Earn futures points and claim airdrop rewards
Power Flexibility Paradigm Shift: From Macro Assets to Distributed Intelligence Layer
Written by: Benji Siem @IOSG
Introduction
This research begins with a simple observation: the power system is being asked to perform a task it was never designed for.
As renewable energy penetration accelerates, electrification advances across sectors, and AI-driven data centers demand surges, the traditional model of “building more generation and transmission capacity to meet peak loads” is breaking down. Infrastructure development cycles are too long, grid connection queues are backloged, and capital intensity remains high.
Against this backdrop, flexibility—i.e., the ability to dynamically adjust supply and demand in real time—has risen from an auxiliary function to a core pillar of grid reliability. Previously relying mainly on large industrial loads and peaking power plants, flexibility provision is evolving into a complex, multi-layered market where distributed energy resources (DER), software platforms, and aggregators coordinate millions of assets to maintain system balance.

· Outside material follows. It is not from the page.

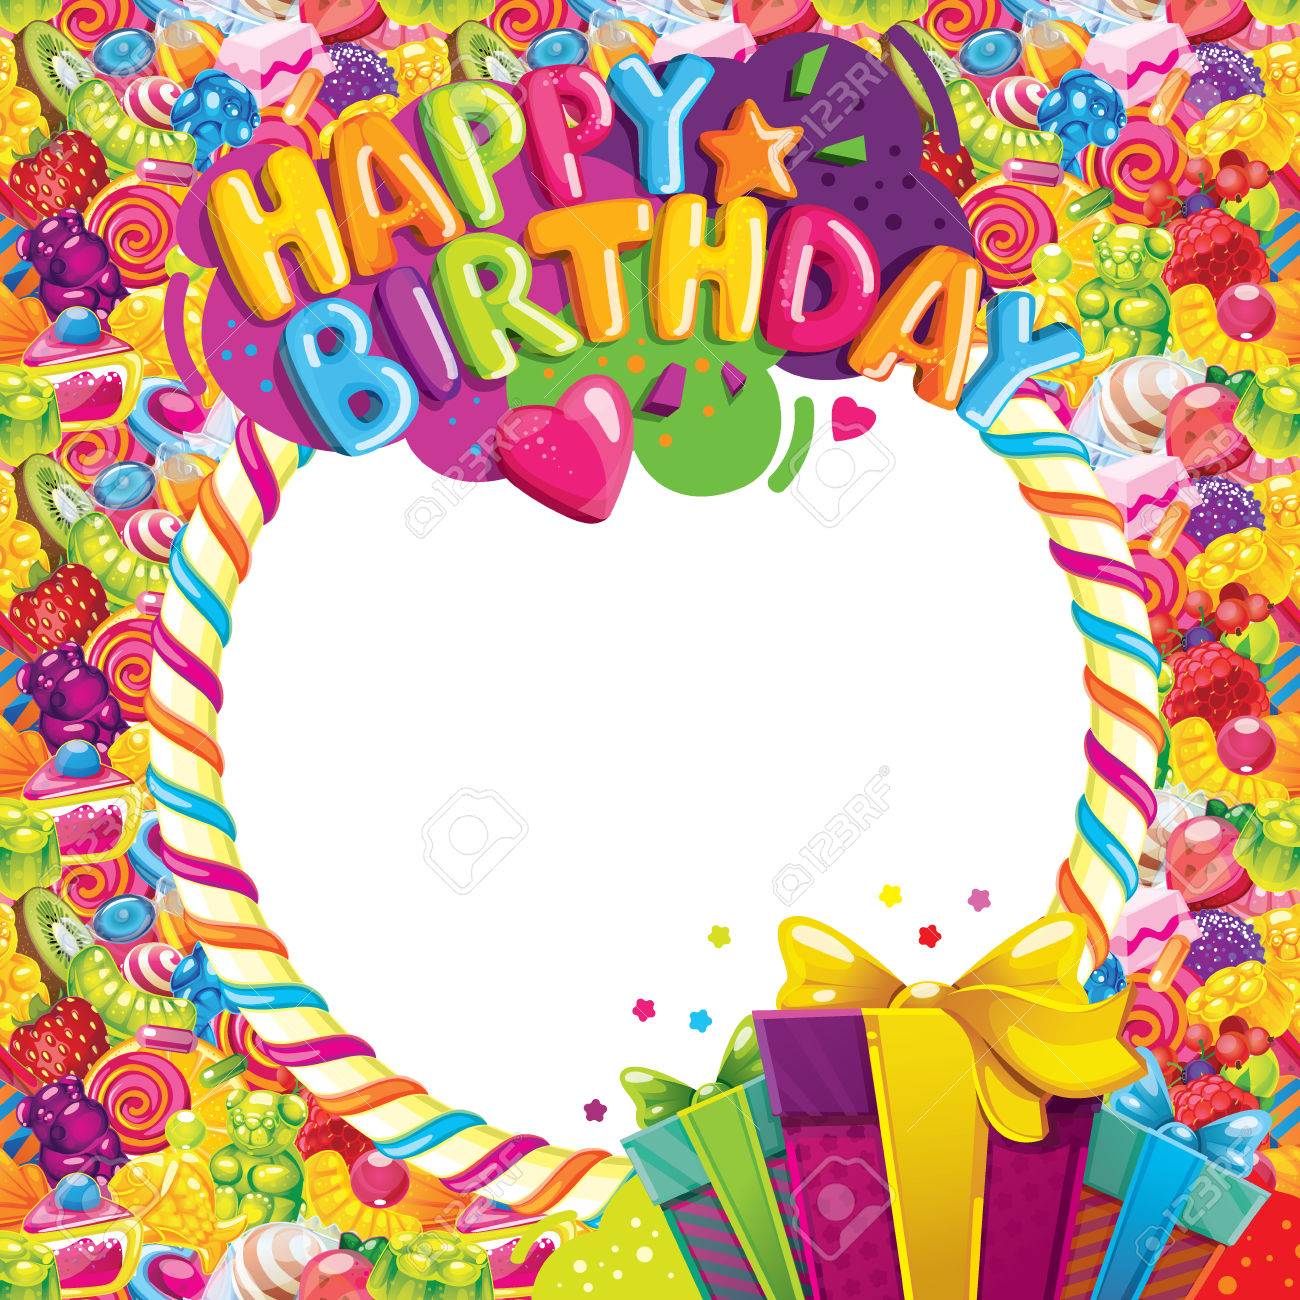 candy clipart happy birthday

We are at a structural inflection point. The winners of this transformation will not be players controlling generation assets, but those building the connectivity and orchestration layers that enable large-scale flexibility deployment. Emerging crypto-native coordination models and token-based incentive mechanisms could further accelerate this shift by enabling decentralized participation, transparent settlement, and global liquidity for flexibility services.
As this paper will explore in depth, flexibility is no longer just a technical capability; it is becoming an emerging economic infrastructure—creating new value pools through revenue stacking across capacity markets, ancillary services, demand response, and local markets, reshaping how energy is traded, managed, and monetized.
Key Arguments
The electricity flexibility market is at a tipping point. Rising renewable penetration, increasing data center demand, and regulatory pushes are creating structural supply-demand imbalances for flexibility services.

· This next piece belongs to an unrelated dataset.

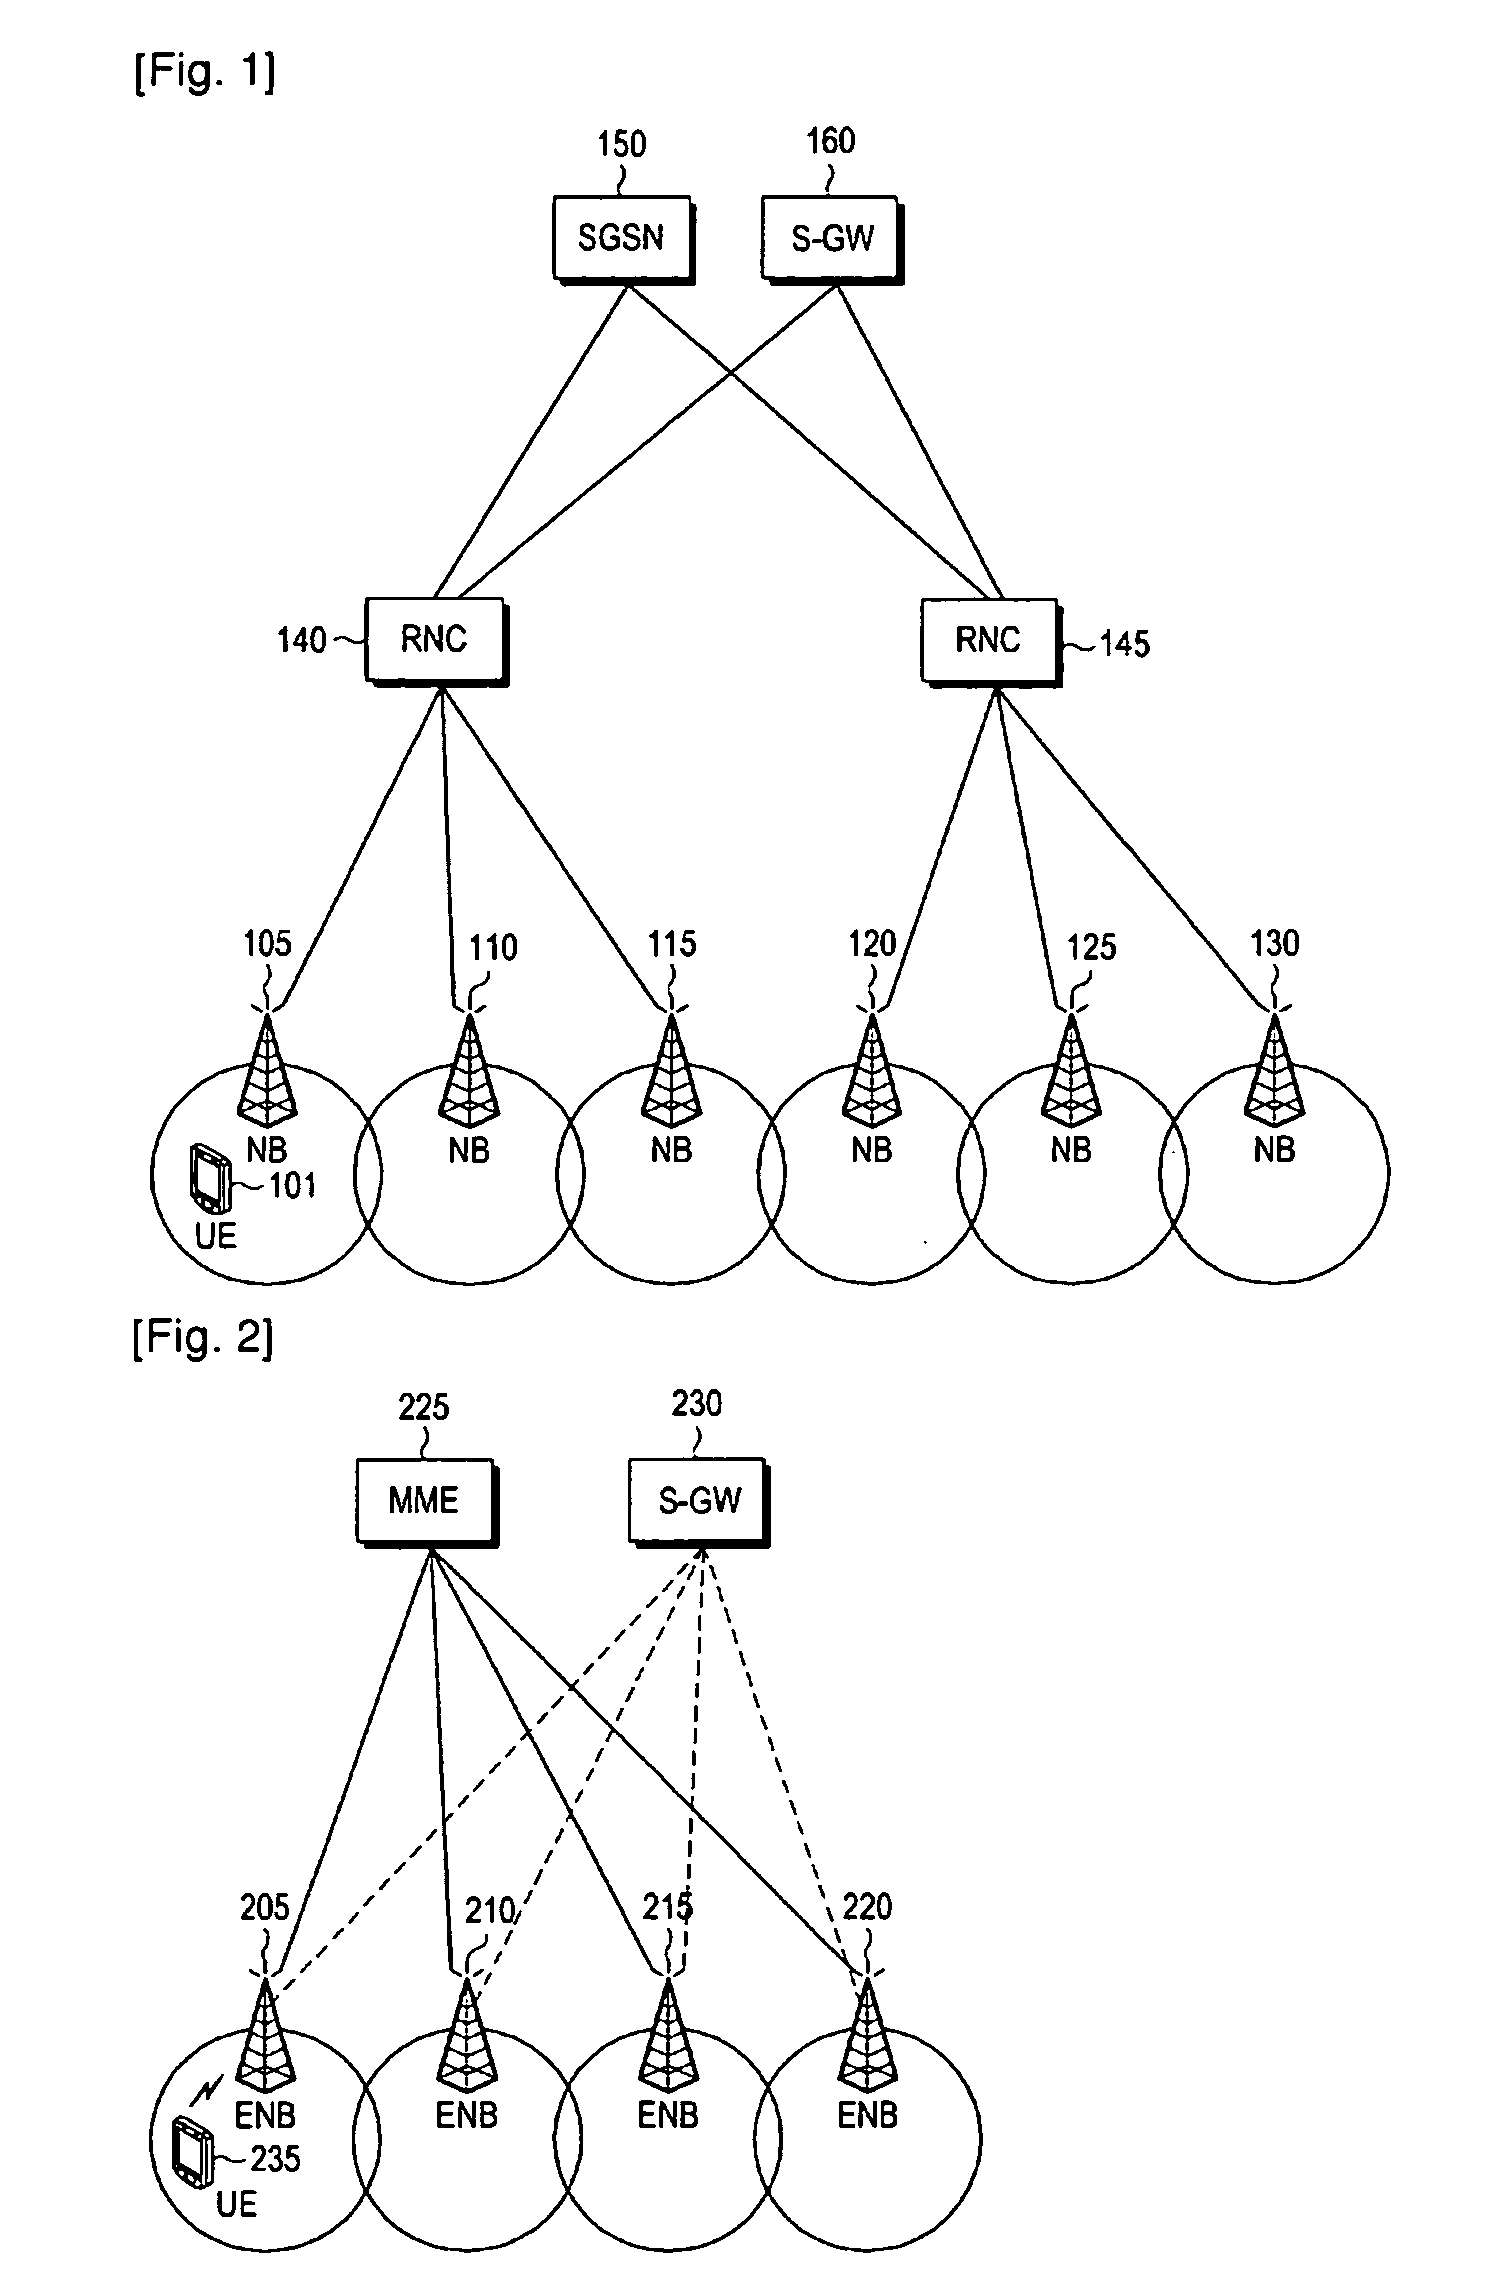 Paging method and apparatus for communication of m2m/mtc device operating in high power saving reception mode in a mobile communication system, and system thereof

The demand for power to fuel AI and application development is rapidly surpassing grid supply capacity, driven mainly by:
Global data center electricity consumption is projected to double by 2030 to about 945 TWh, slightly above Japan’s current total electricity use. AI is the primary driver of this growth, alongside rising demand for other digital services. Notably, a lack of flexibility could become a bottleneck for AI expansion.
The power market urgently needs operational efficiency and flexibility to mitigate risks. Infrastructure lagging behind, the demand for flexibility services and their necessity are significantly increasing.
Many regions’ grids are under immense pressure: it’s estimated that, unless capacity risks are addressed, about 20% of planned data center projects could face delays.
In the US, grid operators struggle with interconnection congestion, with approximately 10,300 projects queued, totaling 2,300 GW—twice the current total installed generation capacity.
The middle layer of aggregating and connecting infrastructure will become the biggest winner. It acts as a crucial bridge between the supply side (users with idle capacity) and the demand side (strained grid operators).
Platforms that focus on software, aggregating and optimizing DERs, are expected to grow from about $98.2 billion in 2025 to approximately $293.6 billion by 2034 (CAGR of 12.94%), capturing an outsized share of value.
Flexibility Market Overview
What is flexibility in energy markets?
In power systems, flexibility = the ability to rapidly adjust generation and/or demand in response to signals (electric prices, grid congestion, frequency, etc.) to maintain supply-demand balance and prevent outages.
Historically, flexibility came almost entirely from flexible generators (gas peaking plants, hydro). As renewable energy and electrification scale up, system operators now also procure flexibility from:
Demand Response: load reductions or shifting
Storage: batteries, electric vehicles, thermal storage
Distributed Generation: rooftop PV, small CHP units
The “flexibility market” encompasses the markets and contracts where this flexibility is bought and sold, including wholesale markets, balancing/ancillary services, capacity markets, and local distribution system operator (DSO) platforms. Aggregators act as intermediaries, providing platforms that enable grid operators to procure flexibility from end-users, forming a key infrastructure layer (see “Flexibility Trading and Pricing” chapter). Settlement is handled by transmission system operators (TSOs), who pay aggregators, who deduct commissions before paying customers.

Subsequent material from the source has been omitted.